Background: The diagnostic yield of peripheral pulmonary lesions (PPLs) using radial endobronchial ultrasound (EBUS) remains challenging without navigation systems. Cone-beam computed tomography-derived augmented fluoroscopy (CBCT-AF) represents a recently developed technique, and its clinical utility remains to be investigated.

Objectives: The aim of this study was to investigate the diagnostic yield of transbronchial biopsy (TBB) using a combination of CBCT-AF and radial EBUS.

Methods: We recruited consecutive patients with PPLs who underwent radial EBUS-guided TBB, with or without AF, between October 2018 and July 2019. Following propensity score 1:1 matching, we recorded the procedure-related data and measured their efficacy and safety.
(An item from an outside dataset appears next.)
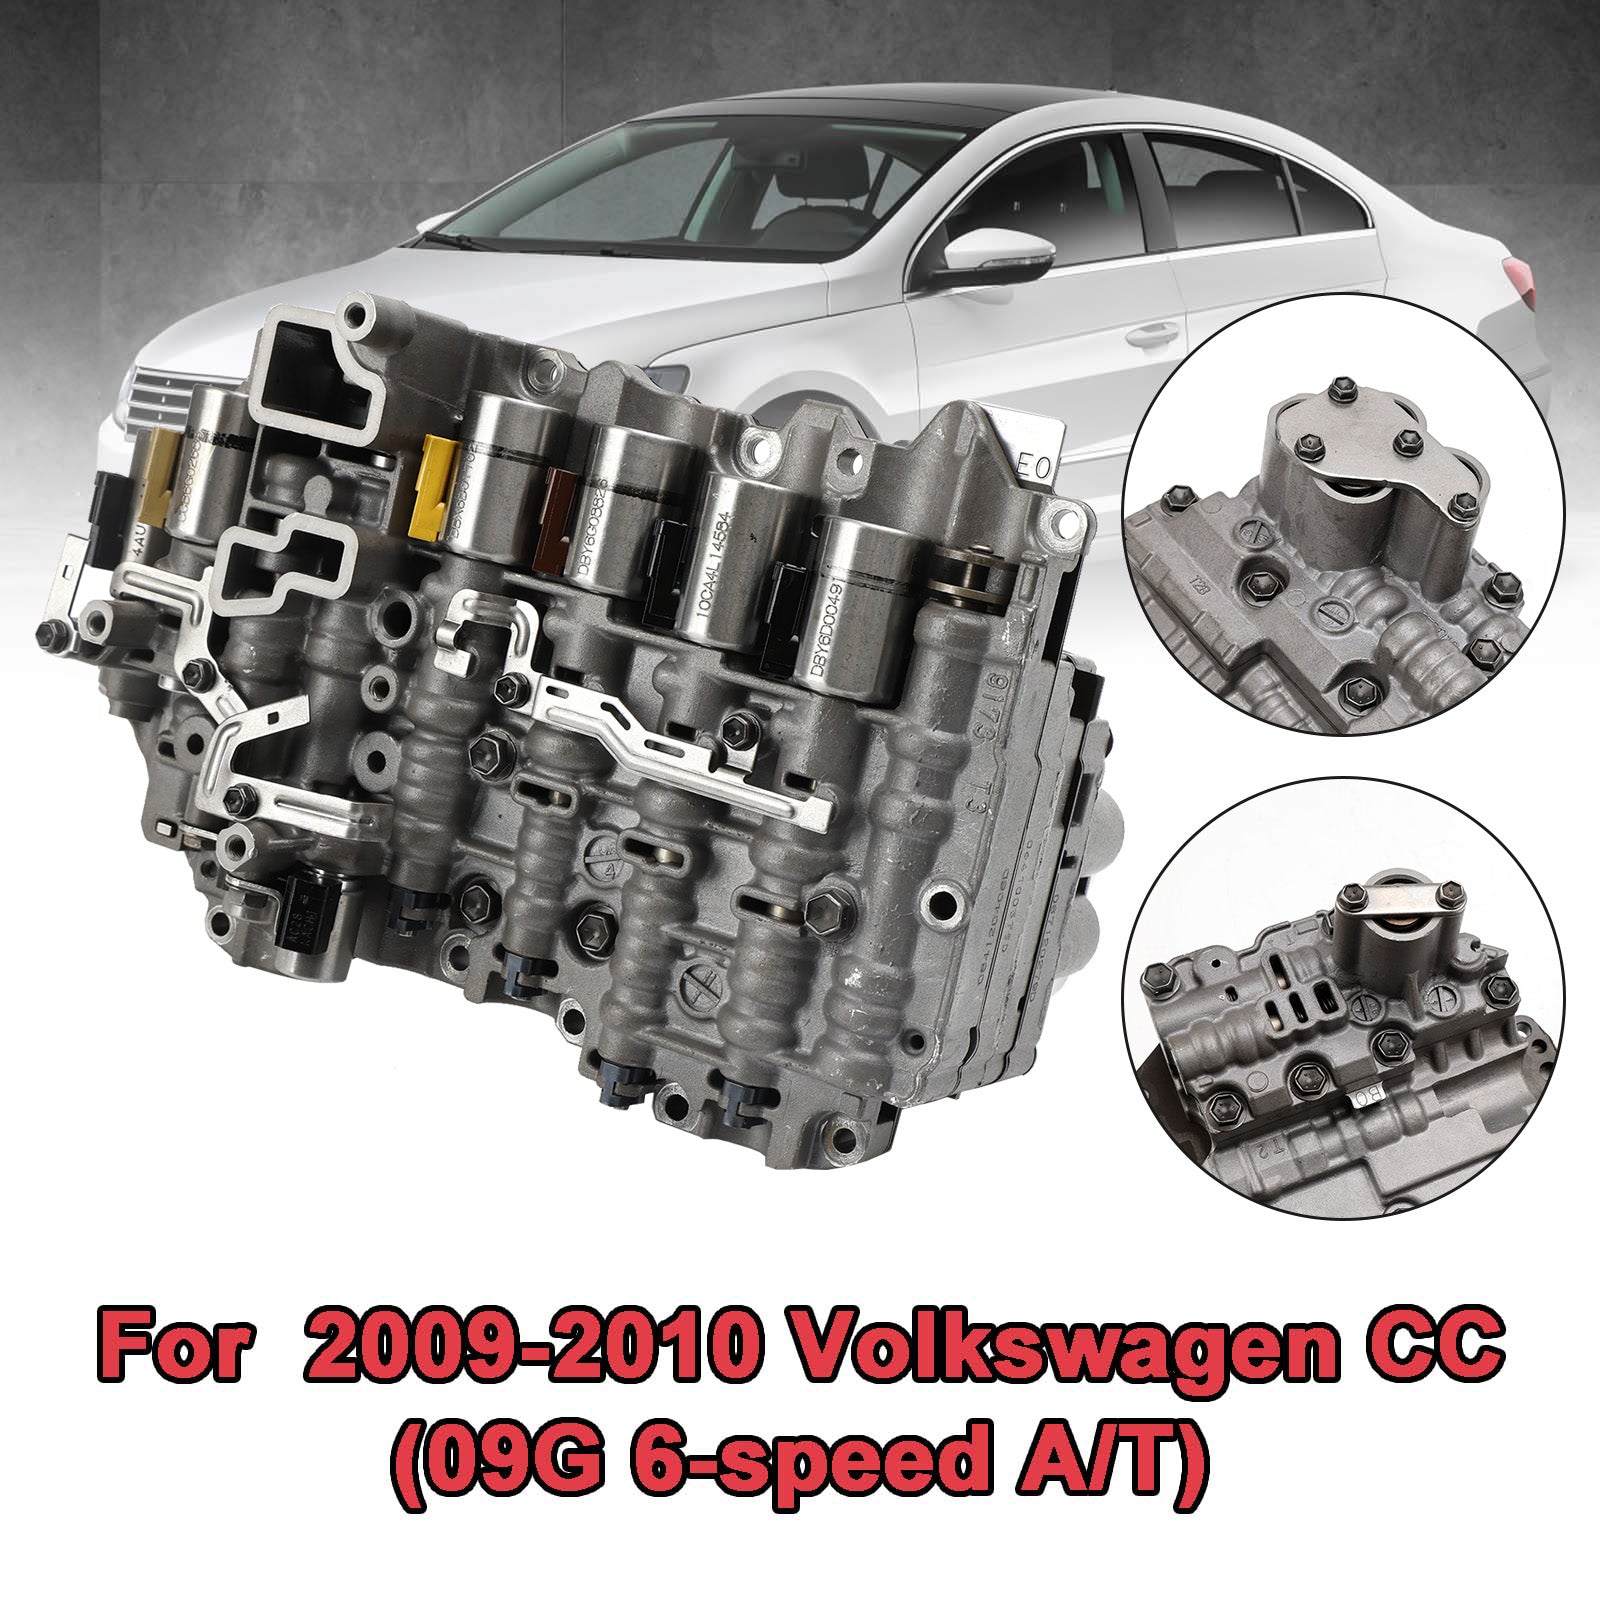 Corps de soupape de transmission automatique 09G TF-60SN pour VW Golf Passat Toura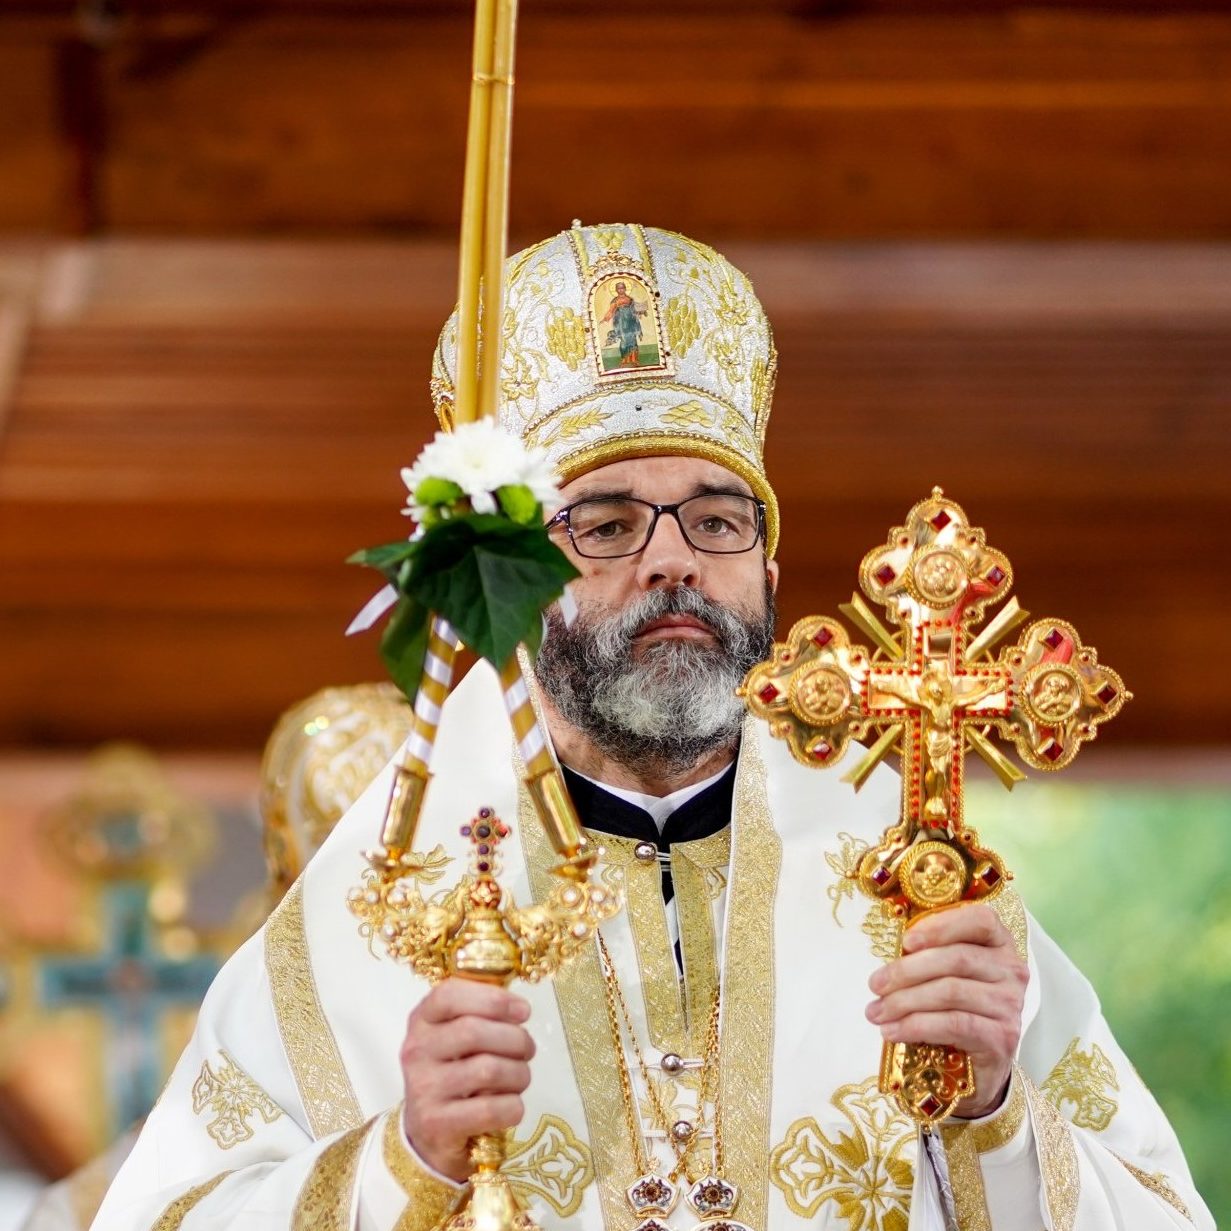 V Niedziela po Wielkanocy – Jego Ekscelencja Arcybiskup Jakub

Results: While 72 patients received EBUS-plus-AF, 235 patients received EBUS only. We included 53 paired patients following propensity score matching. The median size of lesions was 2.8 and 2.9 cm in the EBUS-plus-AF group and EBUS-only group, respectively. Diagnostic yield was higher in the former group (75.5 vs. 52.8%; p = 0.015). The diagnostic yield for the EBUS-plus-AF group was significantly higher for lesions ≤30 mm (73.5 vs. 36.1%; p = 0.002). Moreover, there was no significant difference in the complication rates (3.8 vs. 5.7%; p = 1.000). Twenty-four nodules (45.3%) were invisible by fluoroscopy in the EBUS-plus-AF group. All of them were identifiable on CBCT images and successfully annotated for AF. The mean radiation dose of total procedure, CBCT, and fluoroscopy was 19.59, 16.4, and 3.17 Gy cm2, respectively.

Conclusions: TBB using a combination of CBCT-AF and EBUS resulted in a satisfactory diagnostic yield and safety.